[Opening Supplied information section]

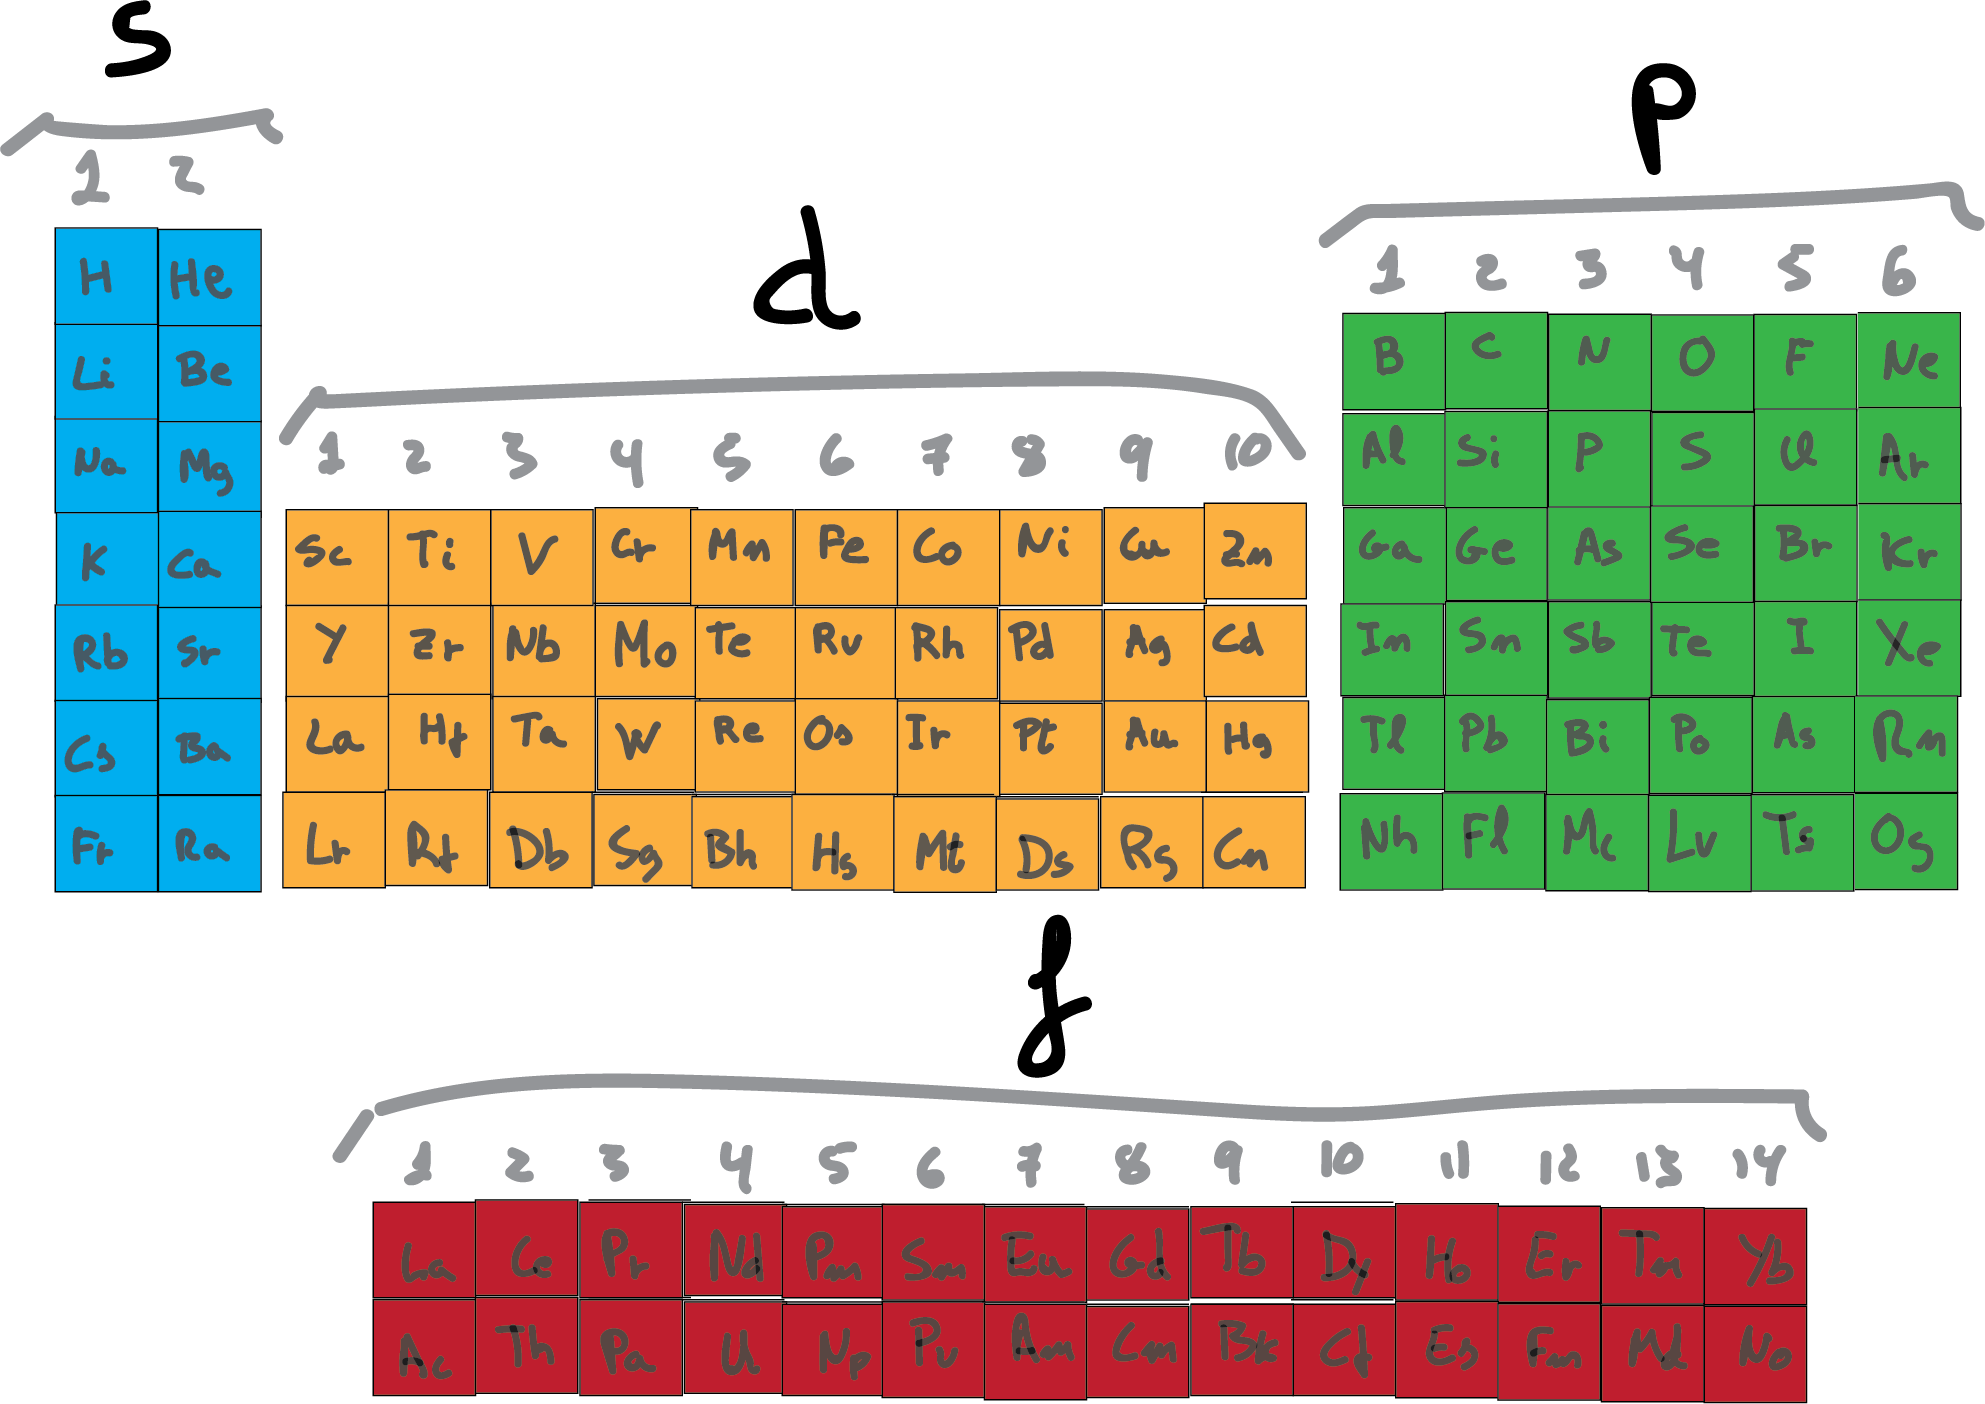 configuracion electronica table periodica orbitals s p d f
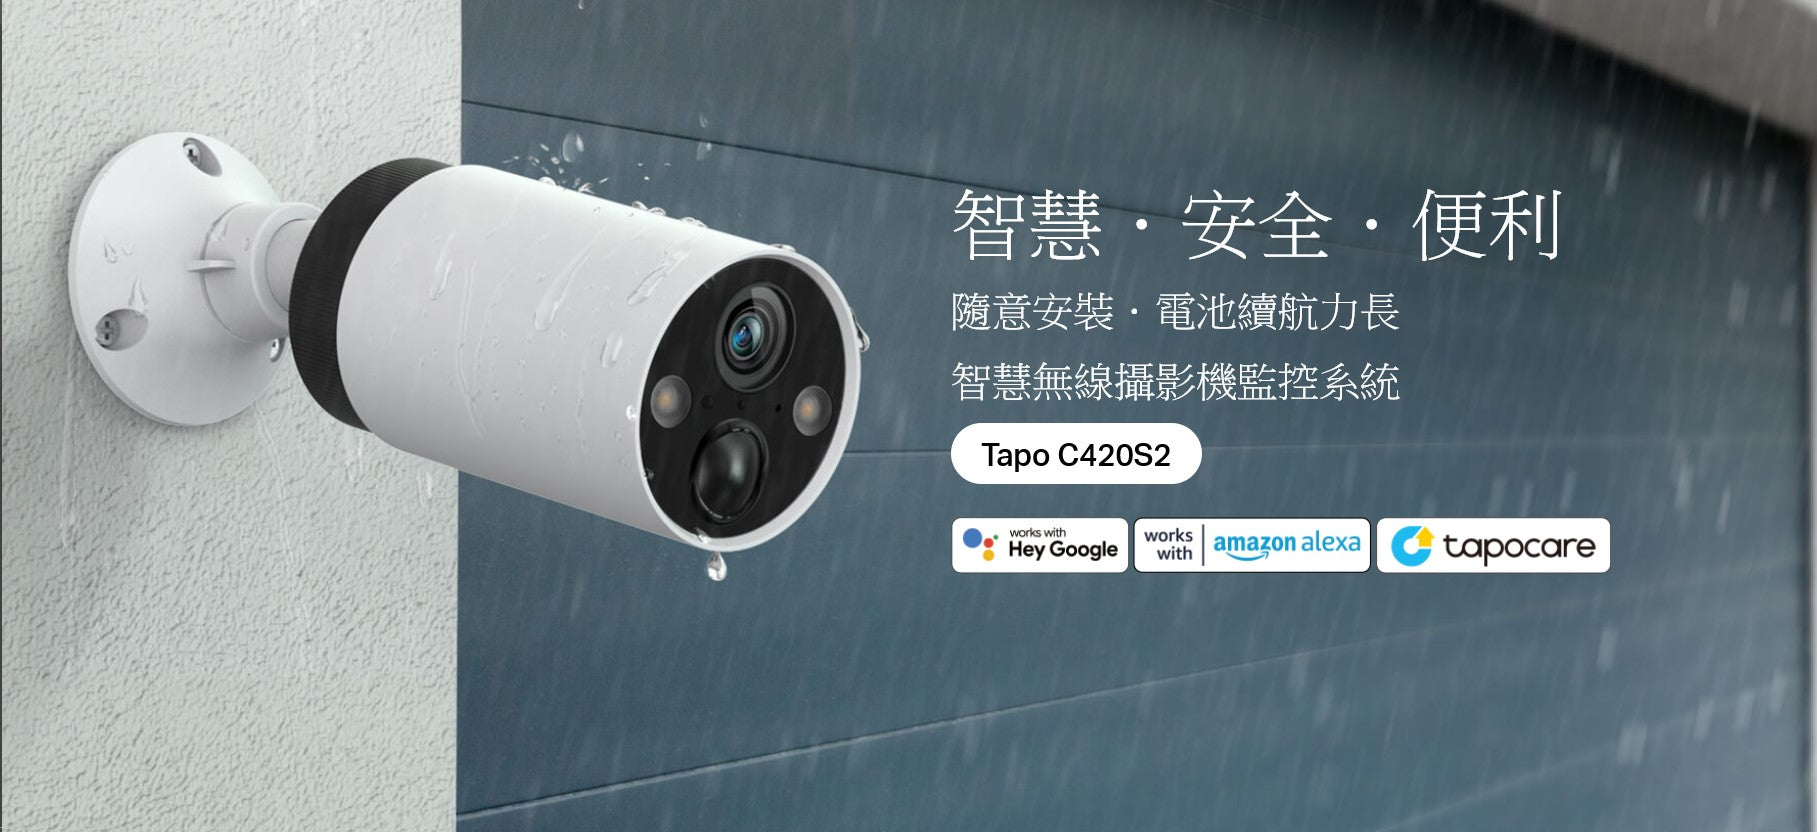 TP-LINK | 1440P 無線電池網絡攝影機 Tapo C420S2 (兩鏡裝)
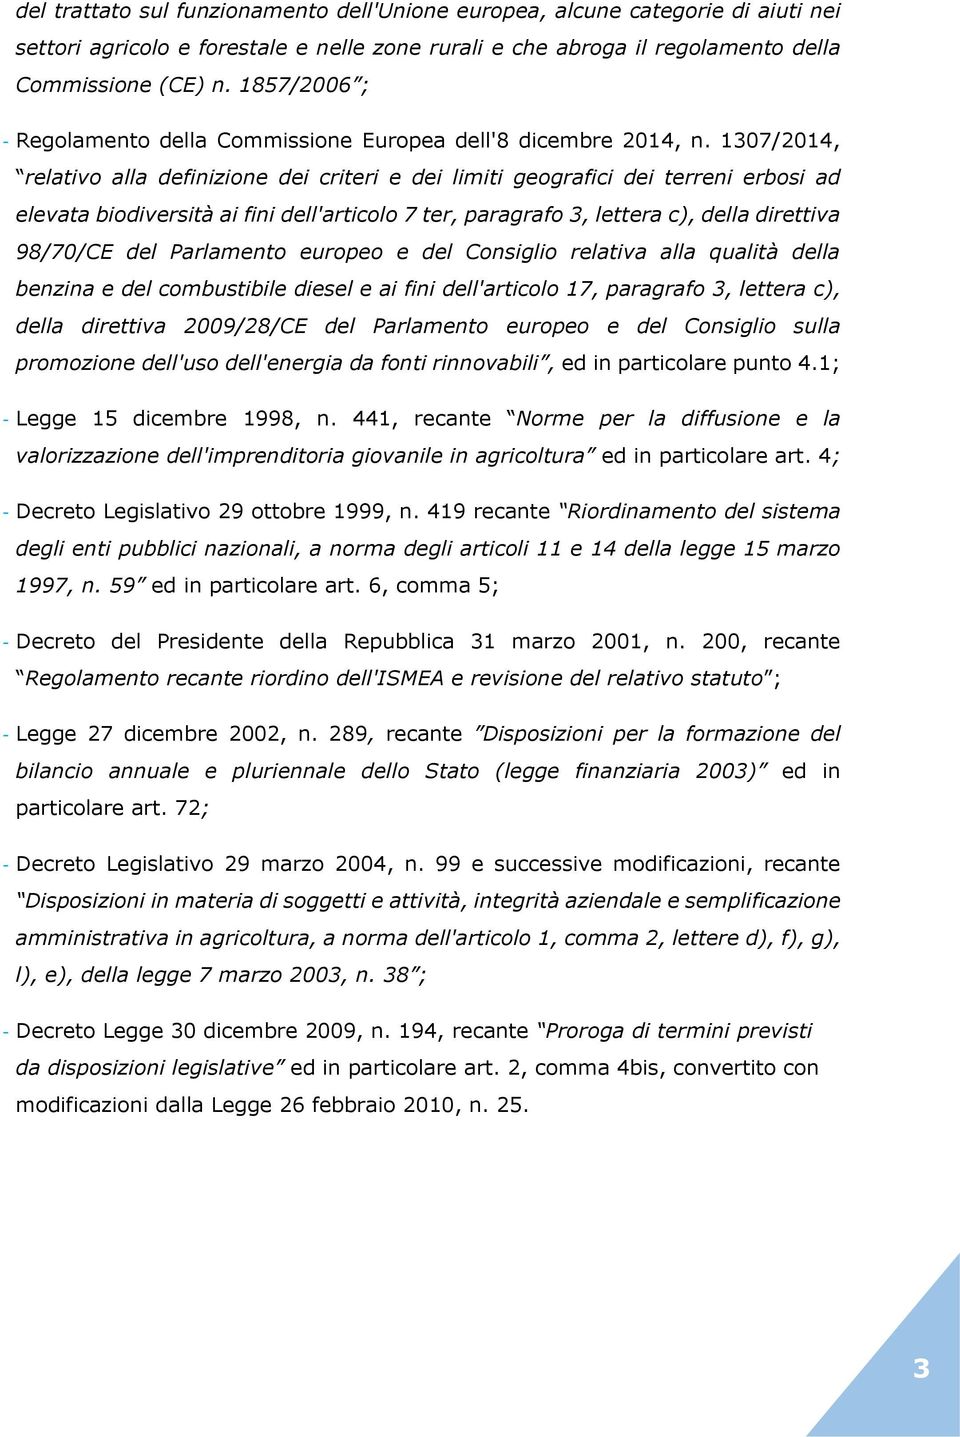 1307/2014, relativo alla definizione dei criteri e dei limiti geografici dei terreni erbosi ad elevata biodiversità ai fini dell'articolo 7 ter, paragrafo 3, lettera c), della direttiva 98/70/CE del

[Closing Supplied information section]

Exercise instructions:
Print the data above exactly, minus pictures.

Task answer:
 configuracion electronica table periodica orbitals s p d f
 TP-LINK | 1440P 無線電池網絡攝影機 Tapo C420S2 (兩鏡裝)
 1307/2014, relativo alla definizione dei criteri e dei limiti geografici dei terreni erbosi ad elevata biodiversità ai fini dell'articolo 7 ter, paragrafo 3, lettera c), della direttiva 98/70/CE del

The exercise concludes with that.